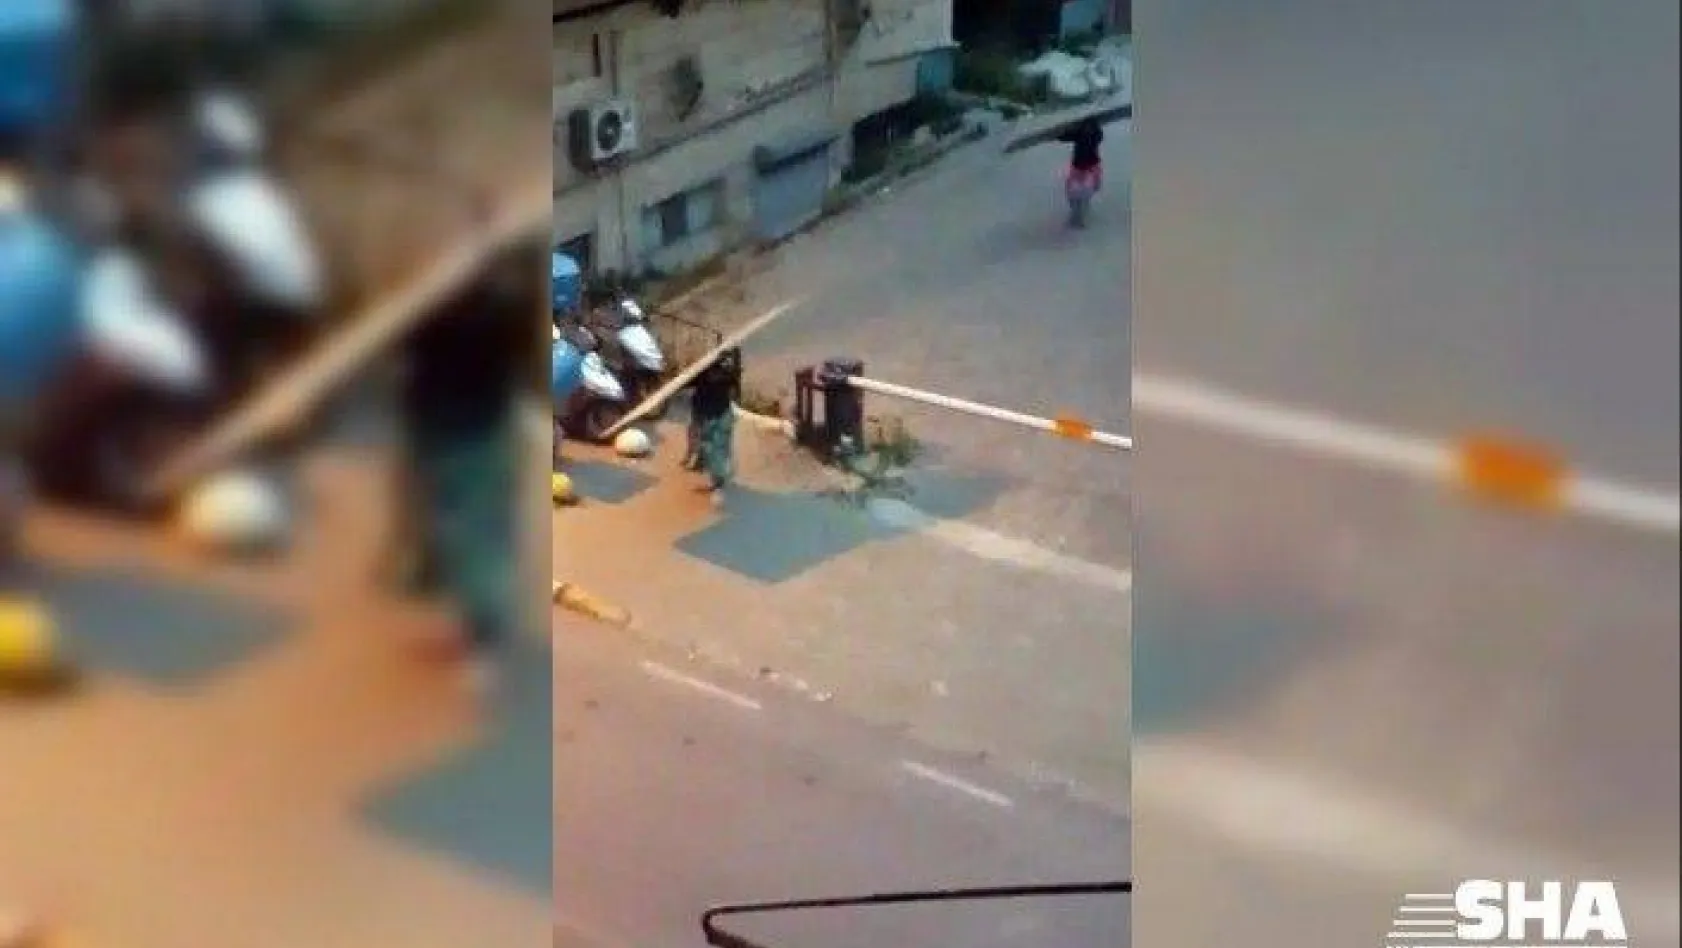 At arabalı 4 kadın hırsız önce kameraya ardından polise yakalandı
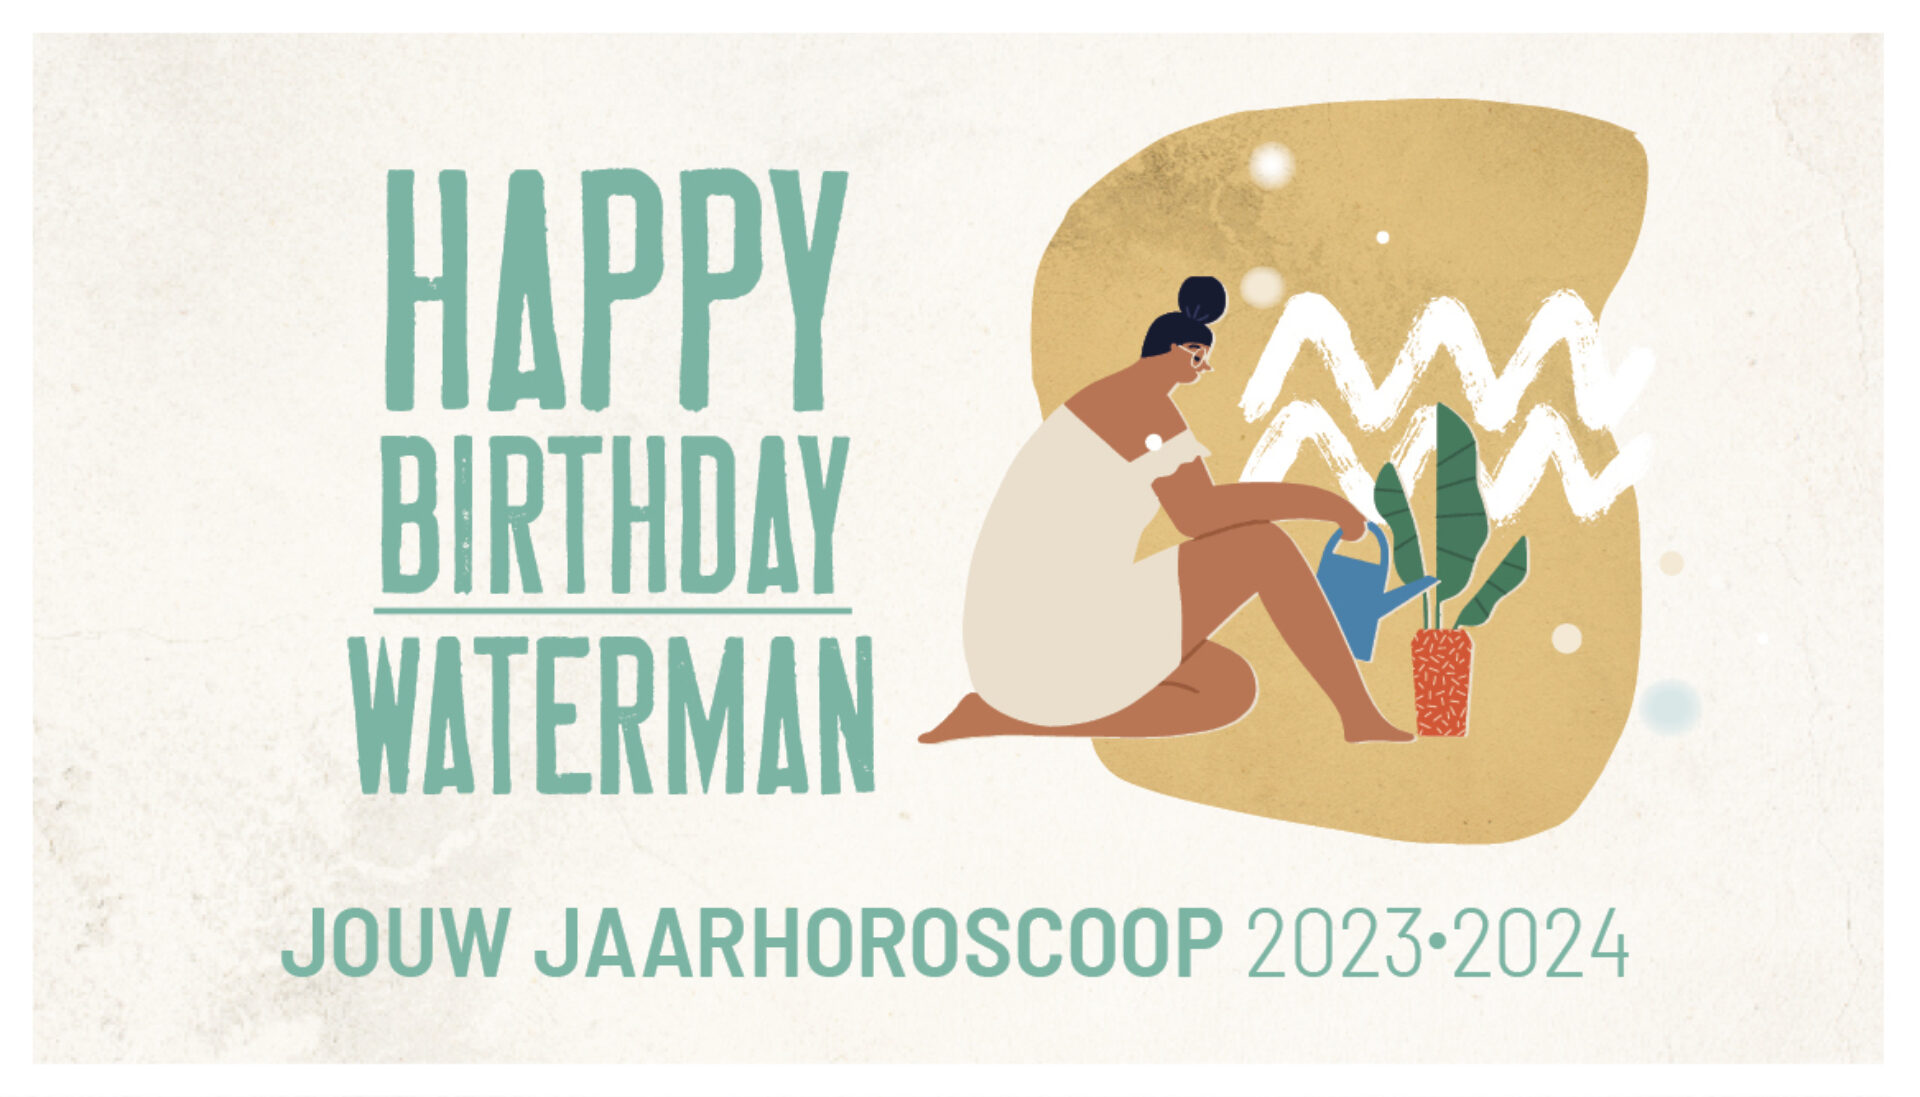 Waterman, jouw jaarhoroscoop 2023-2024
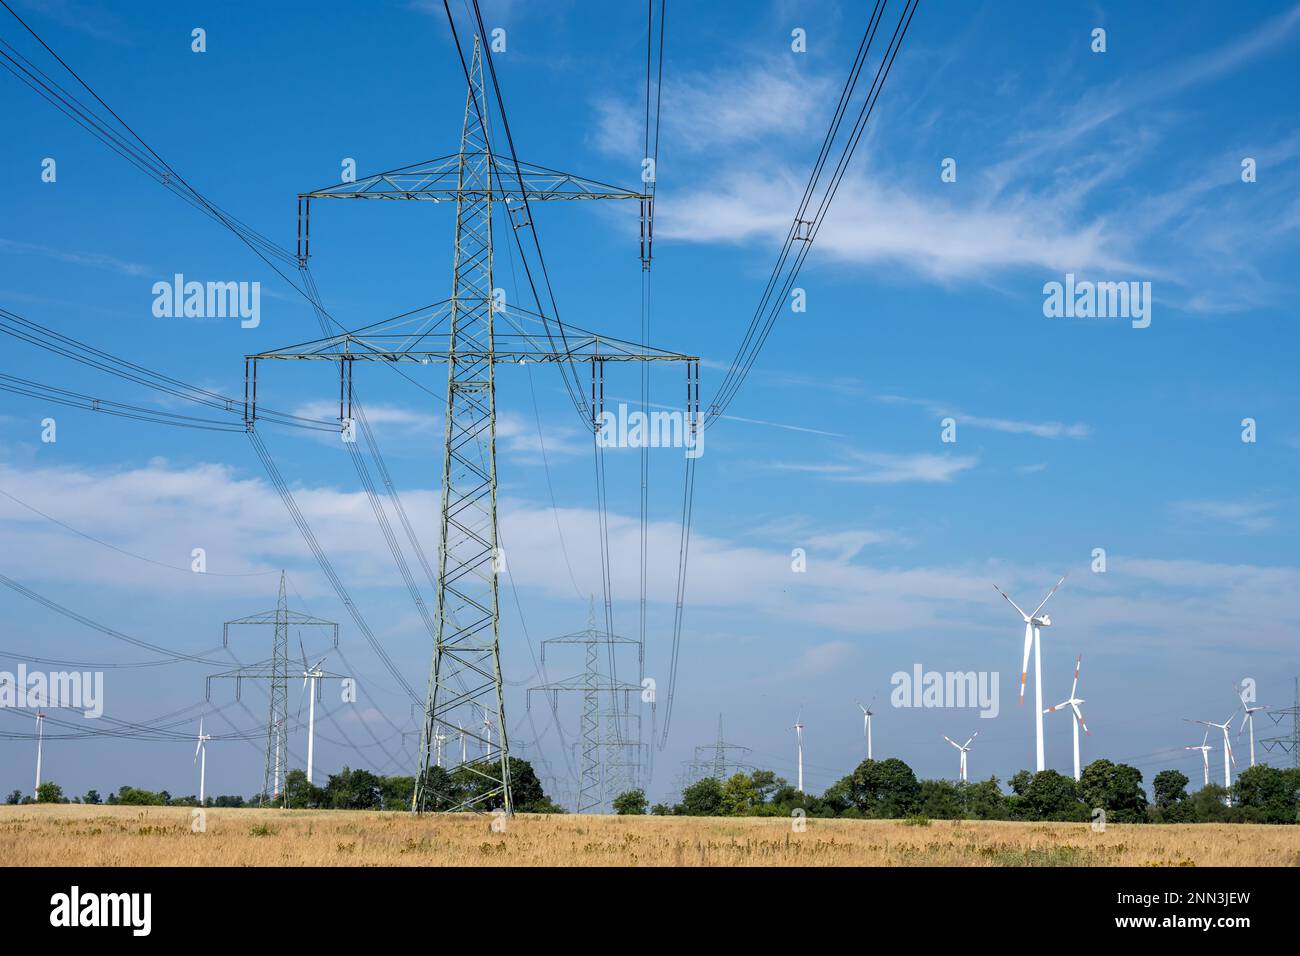 Pylônes d'électricité, lignes électriques et éoliennes vus en Allemagne Banque D'Images
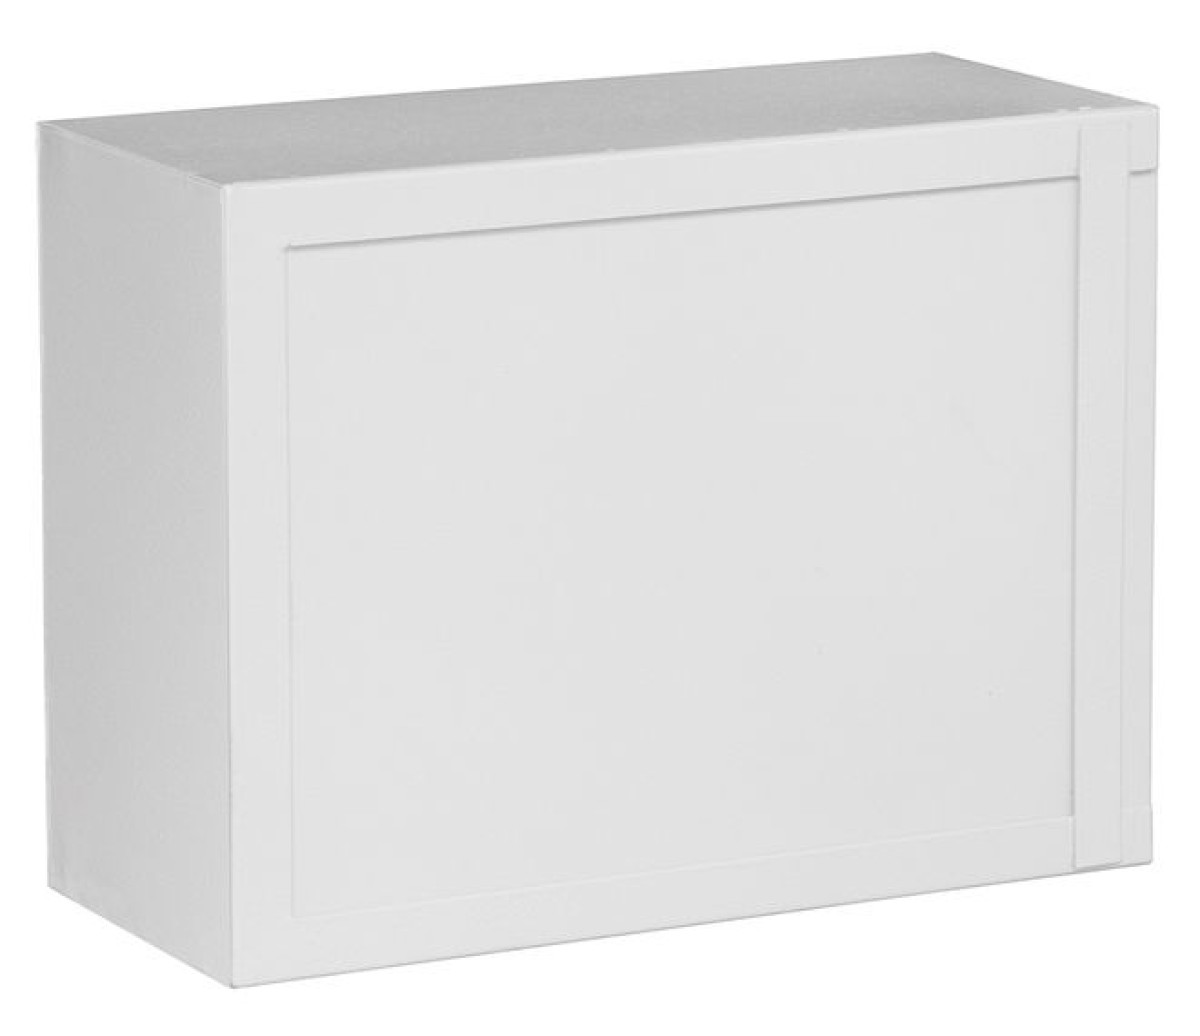 Антивандальный шкаф БК-330-1 с планкой К-3714 98_85.jpg - фото 1

* [WORK INSTRUCTION]:
Here the job is to print the data above exactly, except for any pictures.

* [OUTPUT FOR THIS EXERCISE]:
 At arabalı 4 kadın hırsız önce kameraya ardından polise yakalandı
 Waterman, jouw jaarhoroscoop 2023-2024
 Pylônes d'électricité, lignes électriques et éoliennes vus en Allemagne Banque D'Images
 Антивандальный шкаф БК-330-1 с планкой К-3714 98_85.jpg - фото 1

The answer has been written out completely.